Бенну грозно свела брови, закончив отповедь вернувшийся девушки тем самым тоном, которым гоняла излишне ленивых служительниц. Жрица улыбнулась и благодарно прикрыла глаза. Сказать остальным, что её не пускает «гулять» старая Бенну было очень заманчиво. И девушка решила так и сделать.
Первым на встречу с Бер примчался Маду. Как и его подруга, не соблюдая никаких приличий он ворвался в комнату к девушке и тут же осмотрел её с головы до ног, после чего мрачно заключил:
– Плохо!
Та мрачно посмотрела на визитёра, после чего продолжила методично наносить на себя традиционный жреческий макияж. Сегодня был хороший день, дабы благословить рожениц. Обычно для данной церемонии хватало и младших жриц, но раз уж главная всё равно в храме, то почему бы и нет?
– Всё очень-очень плохо, – продолжил ворчать Маду, с размаху падая на лежанку, из-за чего рука жрицы дрогнула и размазала оранжевую краску по щеке. Тяжело вздохнув Бер отложила в сторону тряпицу для рисования и водой из кувшина стала смывать неудачный штрих.
– Сиятельная Беренмут, вы издеваетесь над своим доверчивым другом Маду или ты действительно решила стать благочестивой жрицей Исиды?!
– Что плохого в том, что я стала достойно выполнять свои обязанности? – стараясь скопировать интонации старой Бенну, спросила девушка.
– Ничего плохого, всё просто чудесно. Сначала моя подруга идёт одна в битву с воинством Хромого Крокодила, собираясь совершить невозможное с риском для жизни! Потом возвращается прямиком в родной храм, запирается там, не говоря своим товарищам ничего, и ведёт себя как воплощение порядочности и кротости. А я гадай, это тебя Бадру проклял, это твоя вира от богов, или ты так маскируешься? Тебе нужна помощь или тебя надо не трогать? Что там с Наследником, Верховным и твоей сестрой? Может это вообще у тебя такой траур, потому что открыто пока нельзя, но…

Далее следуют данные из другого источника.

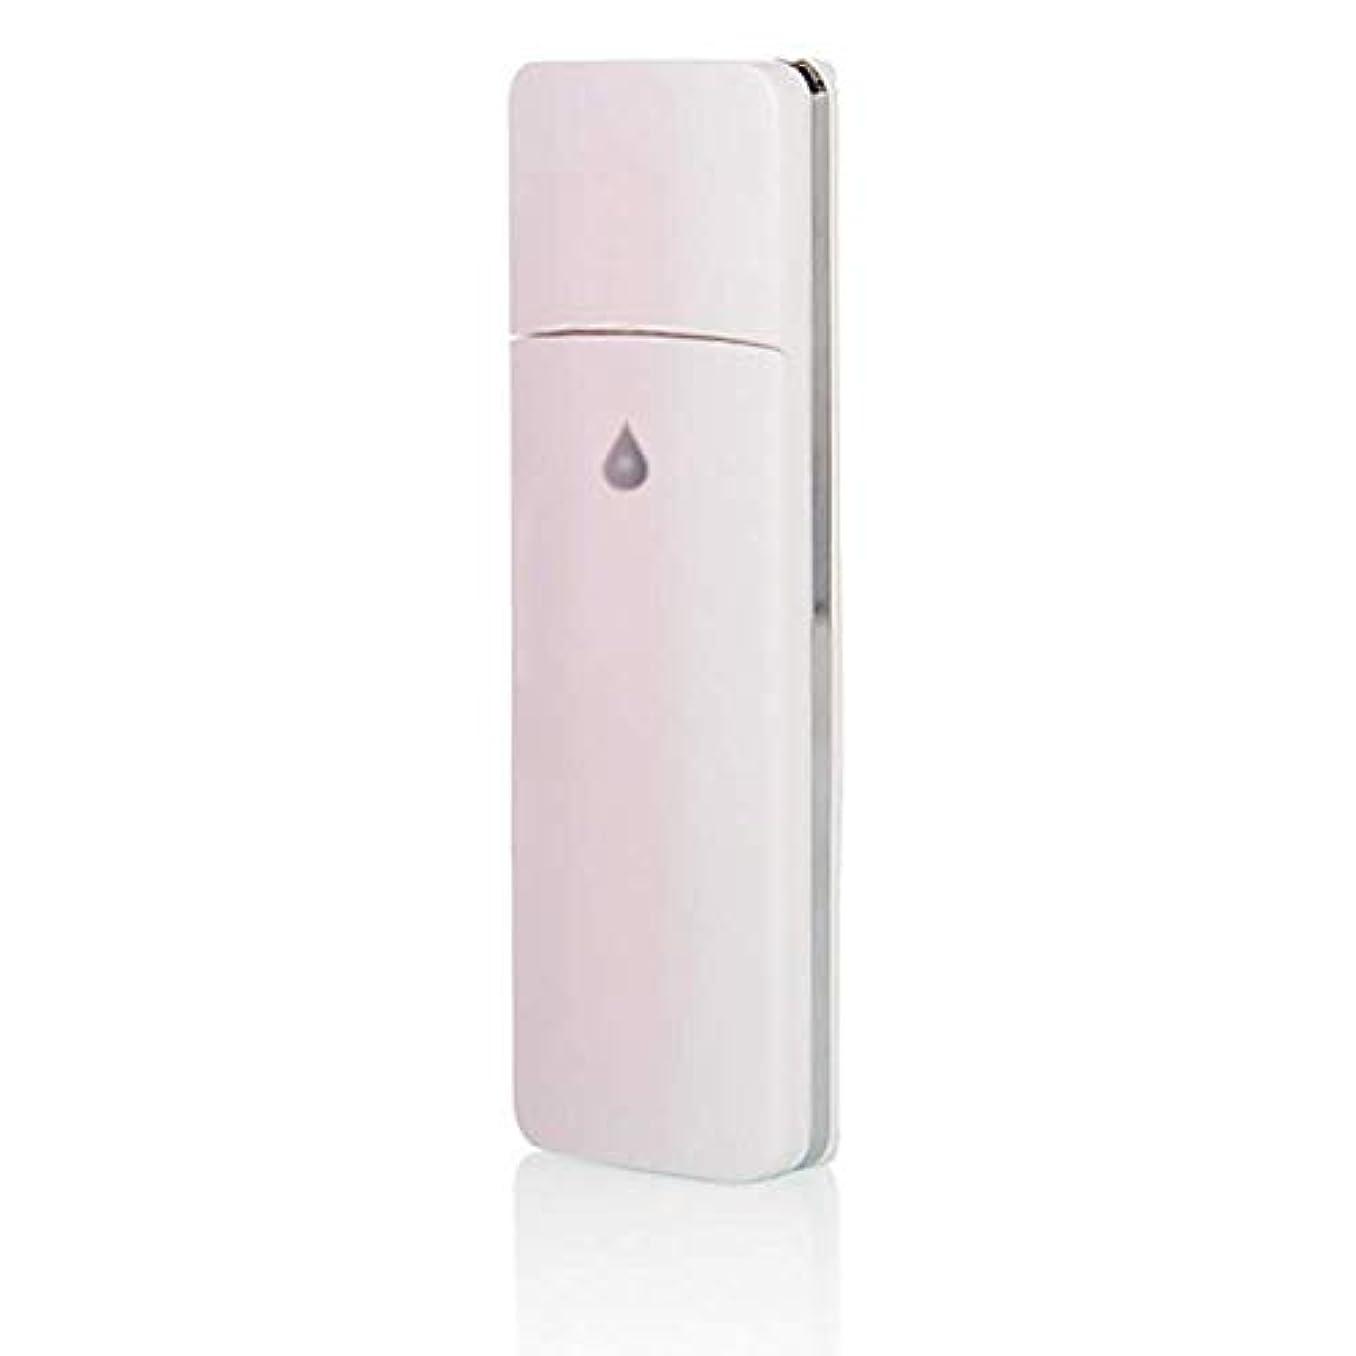 彫刻別に死の顎Nano Mister Handy Moisturizing Mist Sprayer、USB Rechargeable Facial Sprayer with Portable Facial Atomization、Nano Sprayer

Резко развернувшись Беренмут вскинула полупустой кувшин с водой и швырнула его прямо в голову излишне разболтавшемуся другу. Не хватало ещё, чтобы этот солнечный выкормыш наговорил чего под руку Тоту, неприятного.
– Аааа! Да кто тебя вообще в храм пустил, злую такую! – Возмутился Маду, а после со смехом обнял подругу. Бер особо веселье не поддержала, но от сердца у неё немного отлегло.
– А ты не болтай ерунду всякую. Всё у Нефертити хорошо, Аменхотеп тоже живой и здоровый, Бадру мёртв, его… его высосала пустыня. Вот, – рассказ получился довольно коротким, а к концу взбодрившаяся было девушка опять помрачнела.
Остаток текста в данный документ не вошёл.